Not everyone was surprised when I came out as a lesbian, but a few people were. Most notably: my boyfriend at the time. People — him, myself, everyone around us — were definitely surprised and confused that my coming out as a lesbian did not immediately lead to a breakup. We stayed together for a few months, and I even somewhat accidentally ended up living with him in his mother’s townhouse in Houston for three weeks, which was originally only supposed to be a few-nights stay on my way out to Los Angeles where I planned to start my post-college life.

He didn’t technically buy the baseball jersey for me; his mom did. The three of us went to an Astros baseball game, and she saw me eyeing it in the men’s section of the gift store. It’s just a standard baseball jersey: gray, buttoned down the middle, HOUSTON embroidered across the chest. She didn’t look at the price tag when she insisted on buying it for me (but I did, and nearly $100 on a jersey for someone who doesn’t really follow baseball seems absurd). She didn’t question my desire to get it a couple sizes up.

She didn’t, of course, know I was gay. I was still a little hazy on that detail myself, too — hence my inability to end my relationship with her son. But when our relationship did end a few months after that baseball game, I finally let myself act on all the desires I’d been silencing for so long. I leaned into lesbianism hard. I spent hours every day swiping on Tinder for women around Los Angeles and then, when LA didn’t work out, in Chicago where I moved in with two friends. I quite literally brought a photo of Kristen Stewart to the hair salon and asked for her undercut.

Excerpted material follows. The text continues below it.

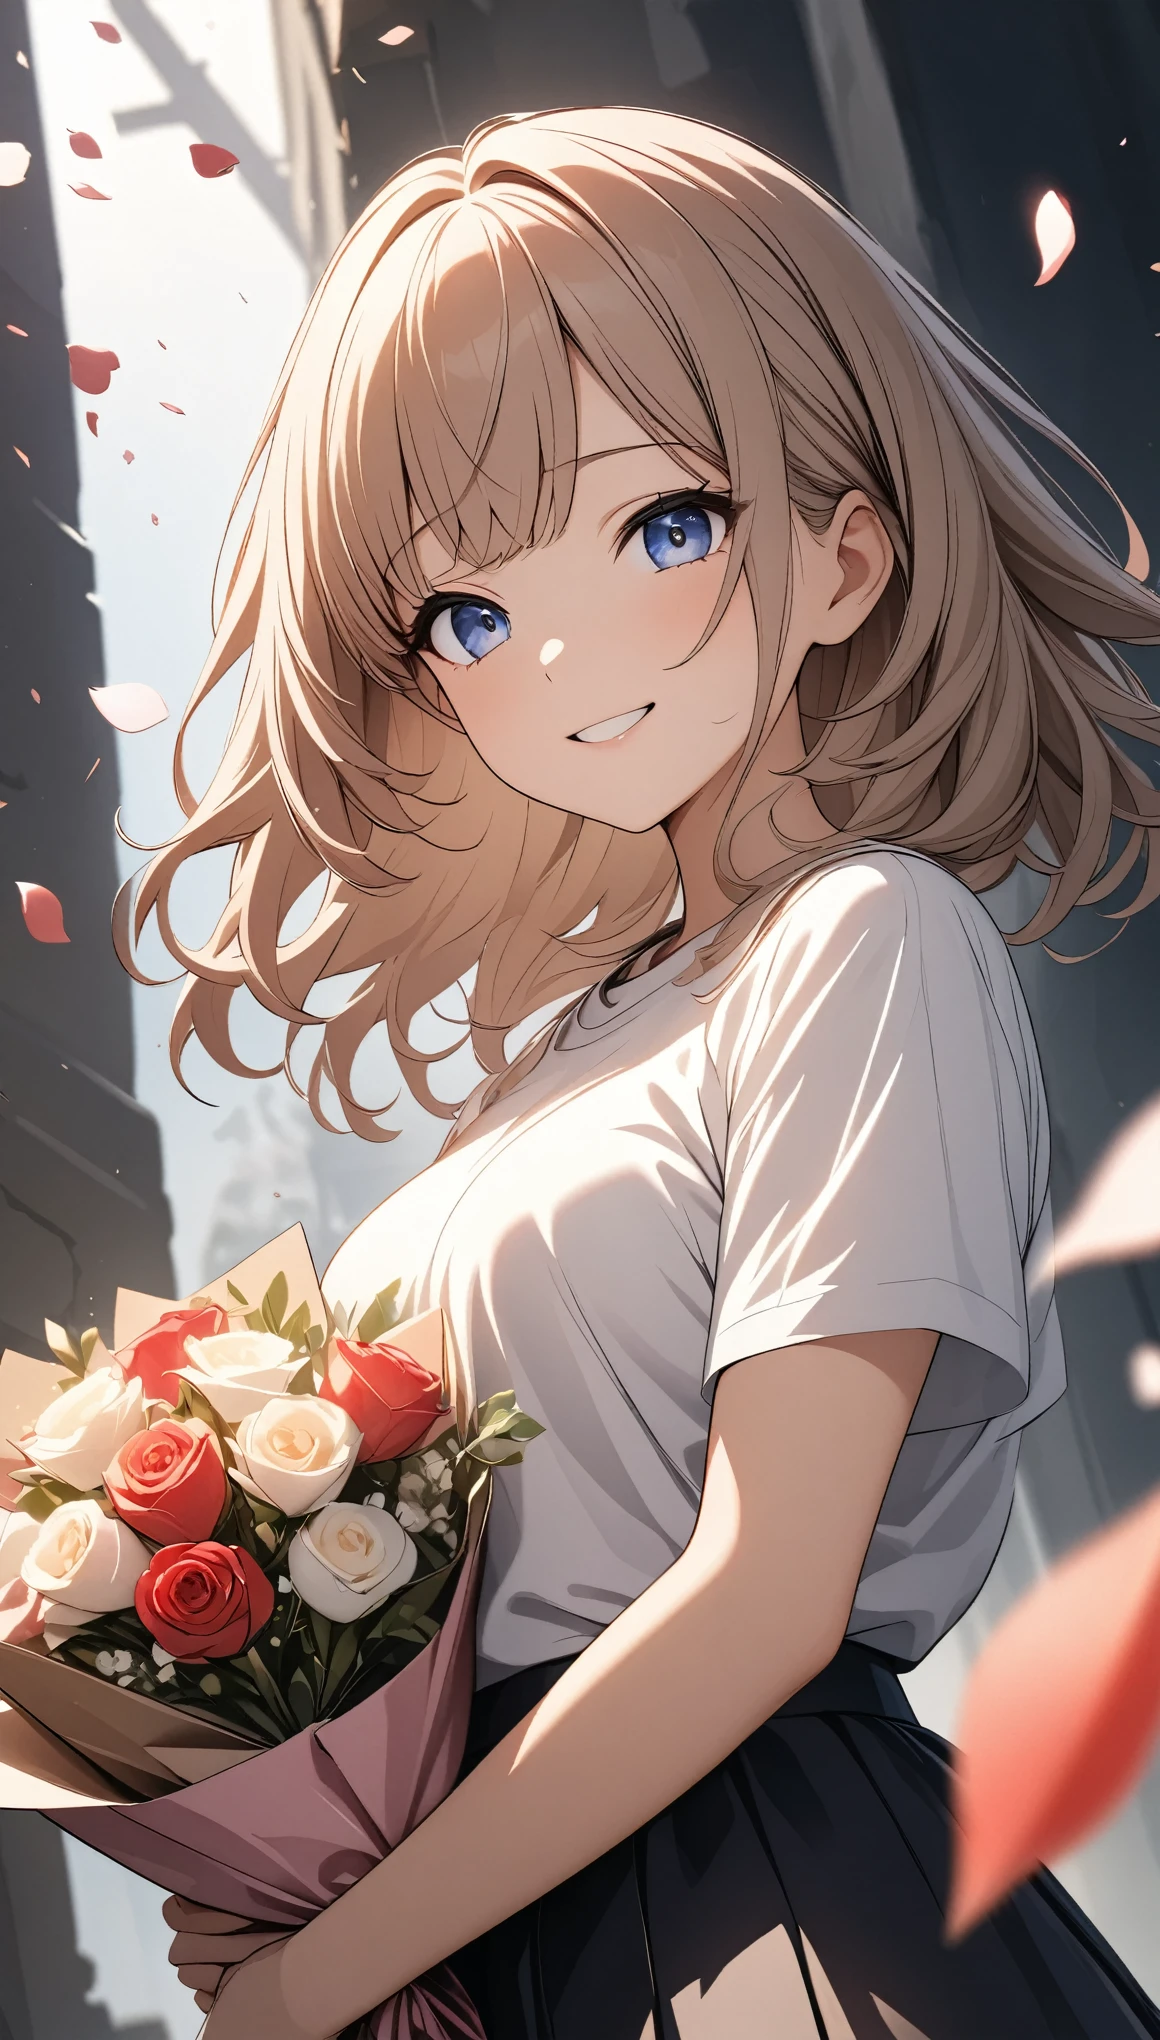 Middle view, Medium shot, Shallow depth of field, Broken into pieces, Upper Body, angle, masterpiece, best quality, Super detailed, CG, 8k wallpaper, Pretty Face, Exquisite eyes, A girl, Solitary, Smile, Bangs, shirt, skirt, petal, bouquet

I rewatched The L Word (because, yes, I had already seen it all when doing a very bad job at being in the closet). I had no idea how to be a lesbian, so I clung to cliches. I went to gay bars. I started writing for Autostraddle. I said “I’m gay” as often and as loudly as possible.

Even though femme lesbians were really the only representations of queer women in the media I consumed then, femmeness felt out of reach then. I thought that in order to be seen as gay, I had to shirk femininity, even moreso than I already had been doing rather deliberately for a few years prior. I associated femininity with the heterosexual costume I was wearing before. I wanted a new costume, so I constructed one: black leather-look leggings, a sports bra or tank top and, as the pièce de résistance, the Houston Astros baseball jersey, unbuttoned.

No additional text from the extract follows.